In the internet age, writes Adrianne LaFrance in The Atlantic, travel features are shared far and wide—and they aren’t always well received back home.
The little transgressions are the forgivable ones. Local knowledge in any place is earned with time. So it’s understandable why someone who is only visiting Hawaii might think to describe poke as “sashimi salad,” for example, though that’s not quite right.
But then there are the big transgressions, the characterizations of a place that are so unmoored from a sense of history that it’s almost shocking. Almost. But Hawaii has seen it all before.
“The Hawaii Cure,” a feature published March 21 by The New York Times Magazine, treads a well-worn path of colonialist tropes as a writer indulges his escapism fantasies with a trip to Hawaii. That’s nothing new. Yet in the internet age, a lighthearted essay can travel quickly back home and elicit a scathing response from the people who live in the place it depicts.
Dozens of Hawaii people I know from when I lived on Oahu responded to the essay—in text messages, online chats, and Facebook comments, to me and to one another, with messages like: “Not today, Satan,” and “I like that you have the print version so you can BURN IT,” and a keyboard-smashing “owfi;ds’pfwePDKFMQE;LFSGKDFJ.” Let’s just say the emoji responses were not kind either.
The travel essay, as a form, is particularly fraught in places where indigenous groups were displaced by colonialism.

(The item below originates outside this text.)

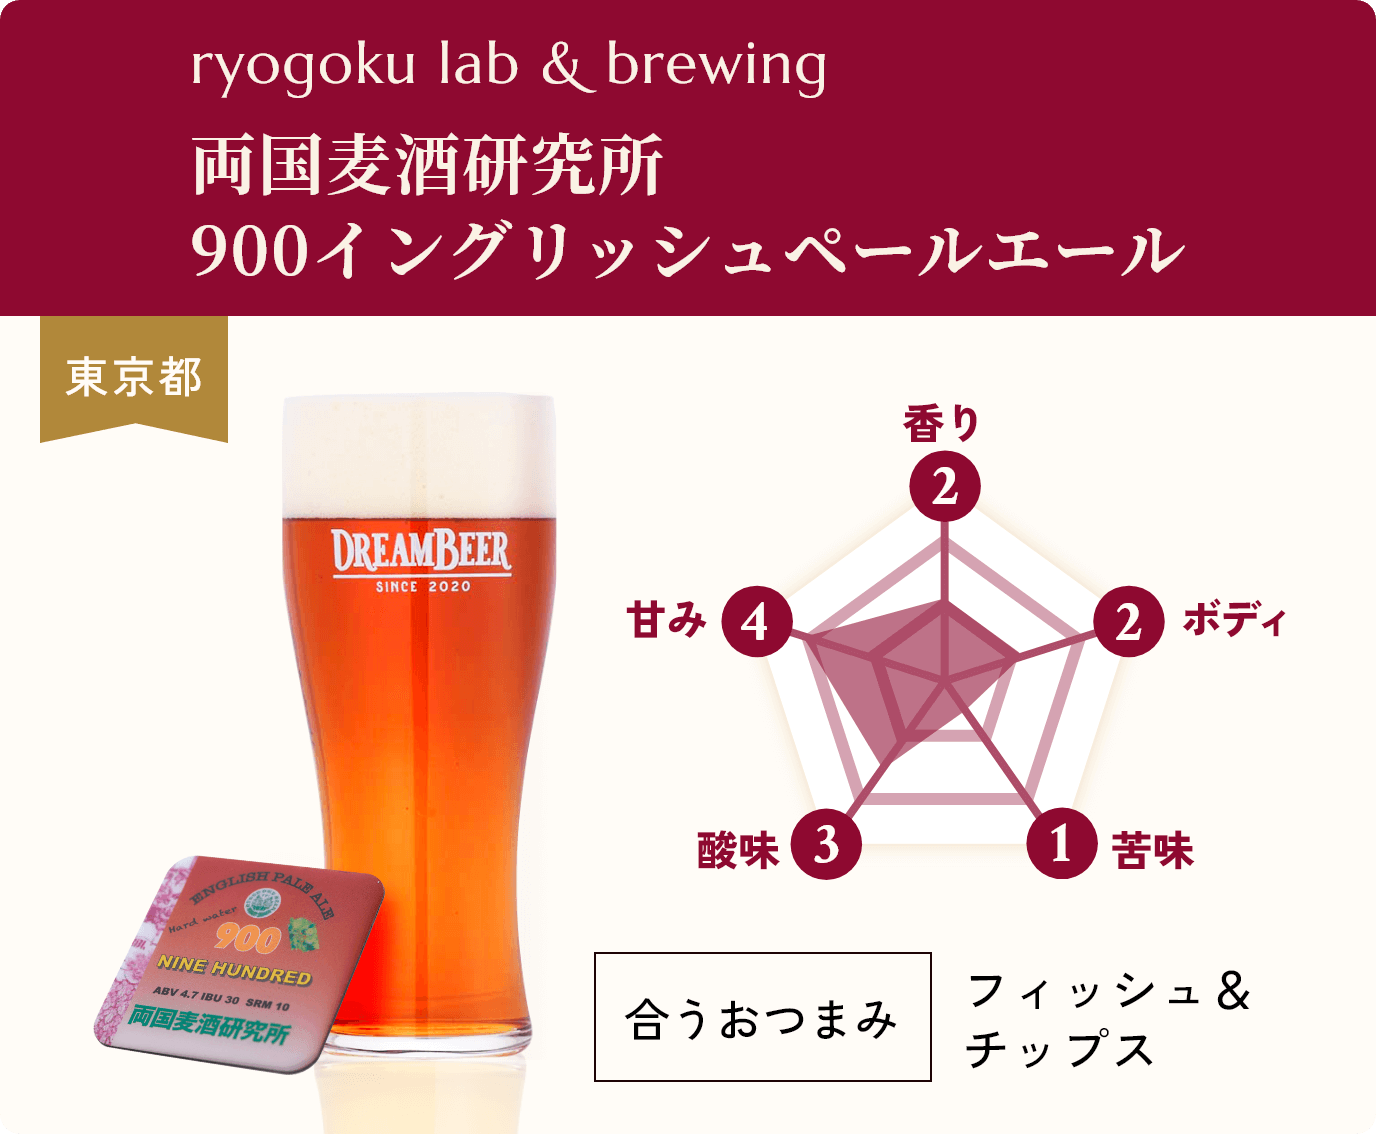 ryogoku lab & brewing,両国麦酒研究所 900イングリッシュペールエール

Theodore Roosevelt’s writings on Africa, for example, were deeply influential in shaping global perceptions of a place that he described as having “the spectacle of a high civilization all at once thrust into and superimposed upon a wilderness of savage men and savage beasts.”
Travel writing is traditionally concerned with the writer’s sense of belonging, or lack thereof—the spectacle of being somewhere new, the sense of displacement one feels. Focus on your own sense of self in a place where questions of belonging are at the heart of local politics and culture, however, and you risk misunderstanding the place entirely. Escaping is not a form of understanding, anyway.